Database Design suggestion for a Blog farm

I’m building something similar to a Blogfarm and I came across a small hurdle. I used the WordPress Multi-User database as a reference and noticed that a unique table is created for each blog that is being created.

So if the farm is going to have, say, ‘x’ million users (just a weird thought), then the database would ideally have ‘x’ million tables, assuming a user for each blog.

Read More
  1. Is the one used by WordPress MU, a good db design? If yes, how much impact would it have on the database performance with so many ‘x’ million tables?

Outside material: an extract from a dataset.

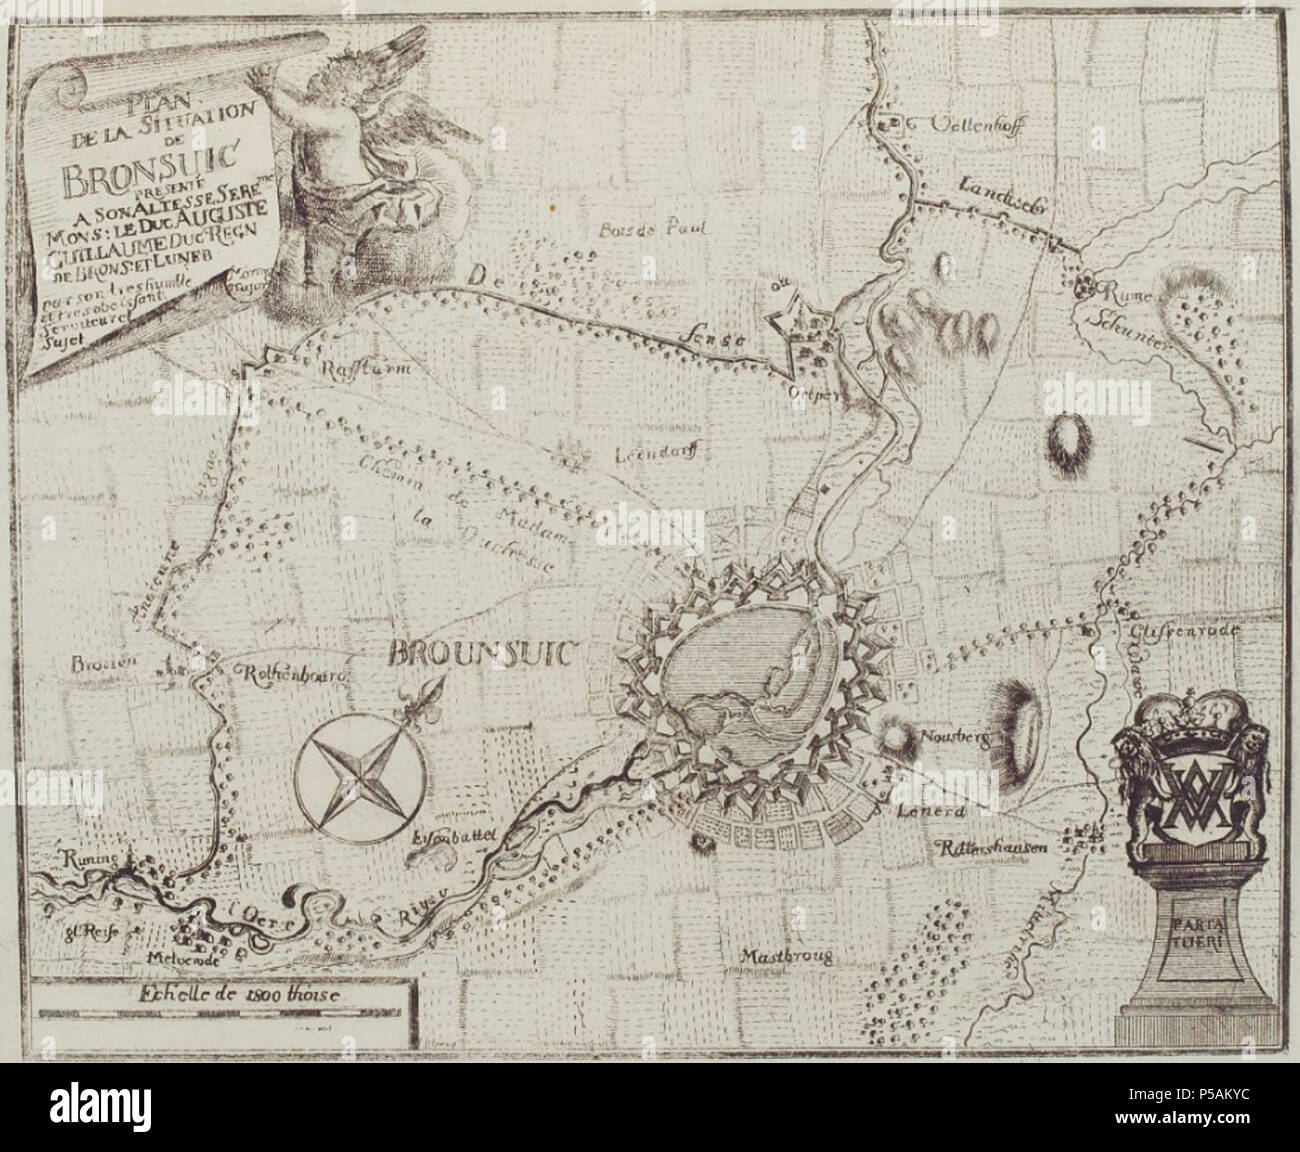 N/A. English: Stadtplan Braunschweig, 1714-1750. Englisch: Stadtplan von Braunschweig, Deutschland, 1714-1750. zwischen 1714 und 1750. Unbekannt 233 Braunschweig Map 1714-1750 Stockfoto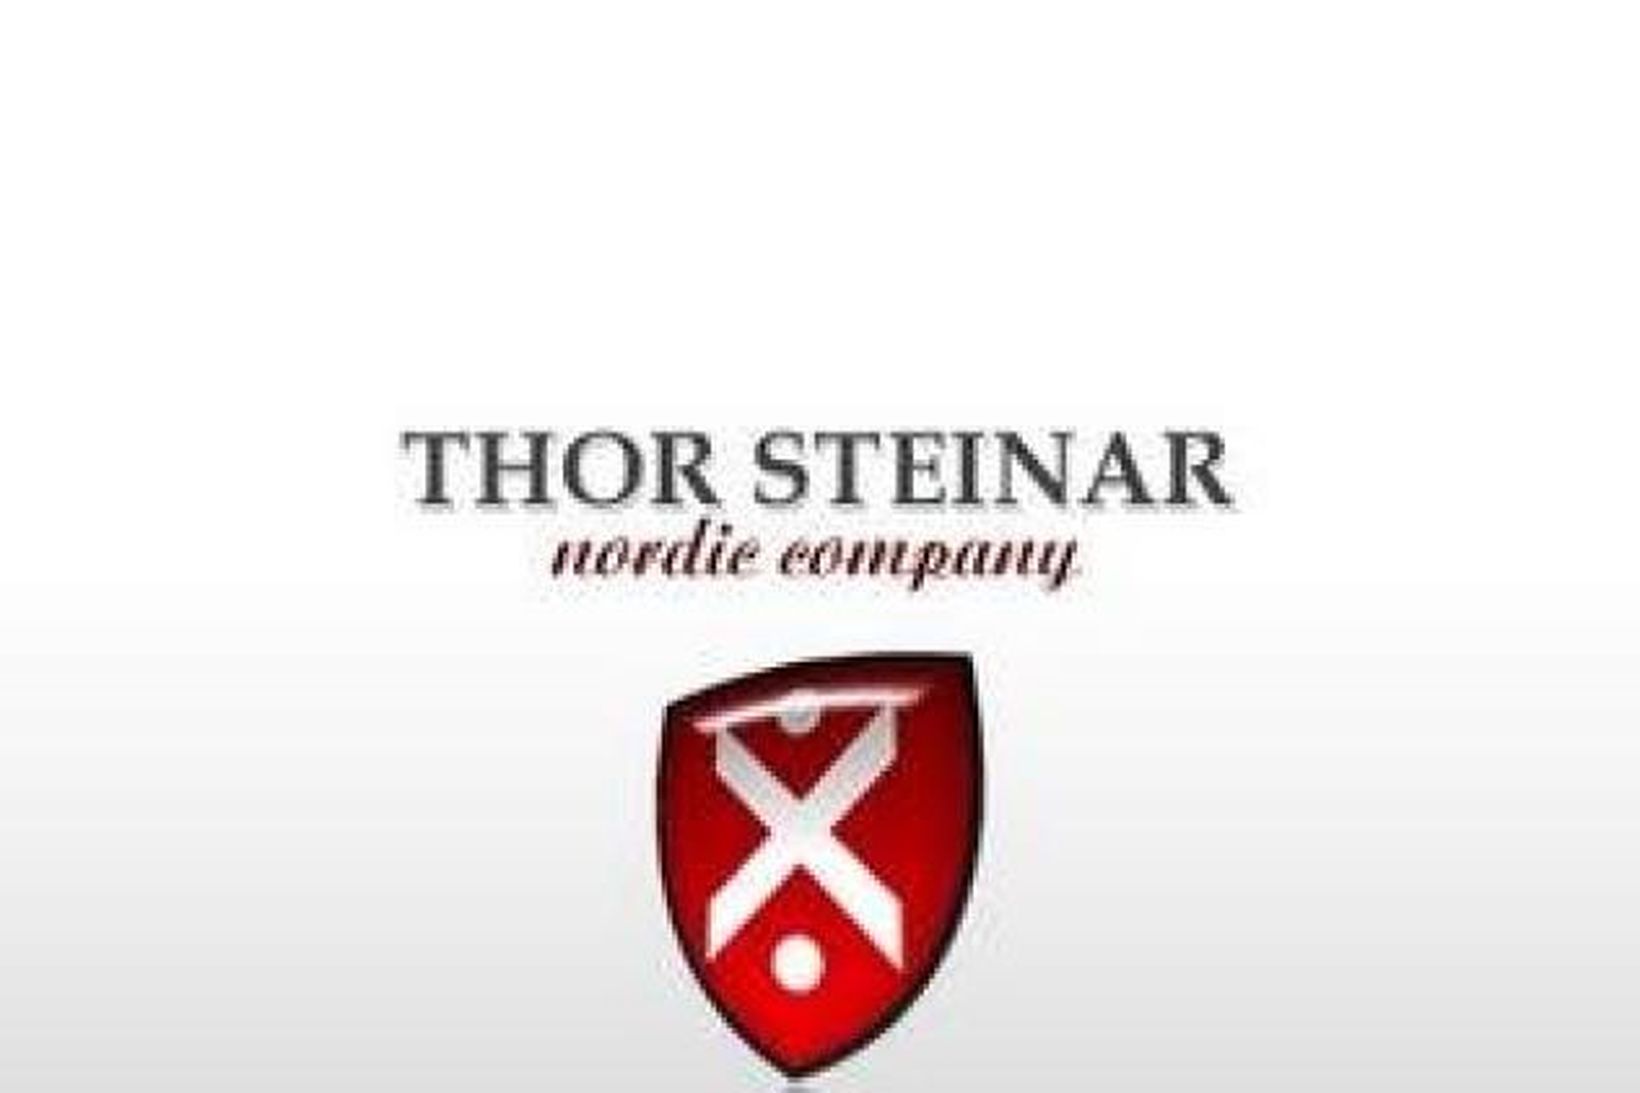 Merki Thor Steiner

  2. Since I’m just starting to code, I have the liberty to choose any database I like. Currently I’m using PostgreSQL combined with Ruby on Rails. Do you think a NoSQL database (like MongodB) would be of any use in this situation? If not, why/why not? I haven’t seen any blog platform run on a NoSQL db yet.

  3. How do the big guys like Blogger, Tumblr or Squarespace do it?

Any help is much appreciated, Thank You.

References:

http://www.aeonscope.net/2006/12/29/wordpress-migration/

Related posts

Leave a Reply

1 comment

    1. It’s quite likely good enough. My guess is that it has mostly caching issues. If you have thousands of blogs on the same server and each is equally likely to be hit, then caching is going to be a nightmare, and probably most queries will need to hit the hard drive (cold cache hits). However, if most queries hit the same blogs, and hence the same tables, caching will be good enough.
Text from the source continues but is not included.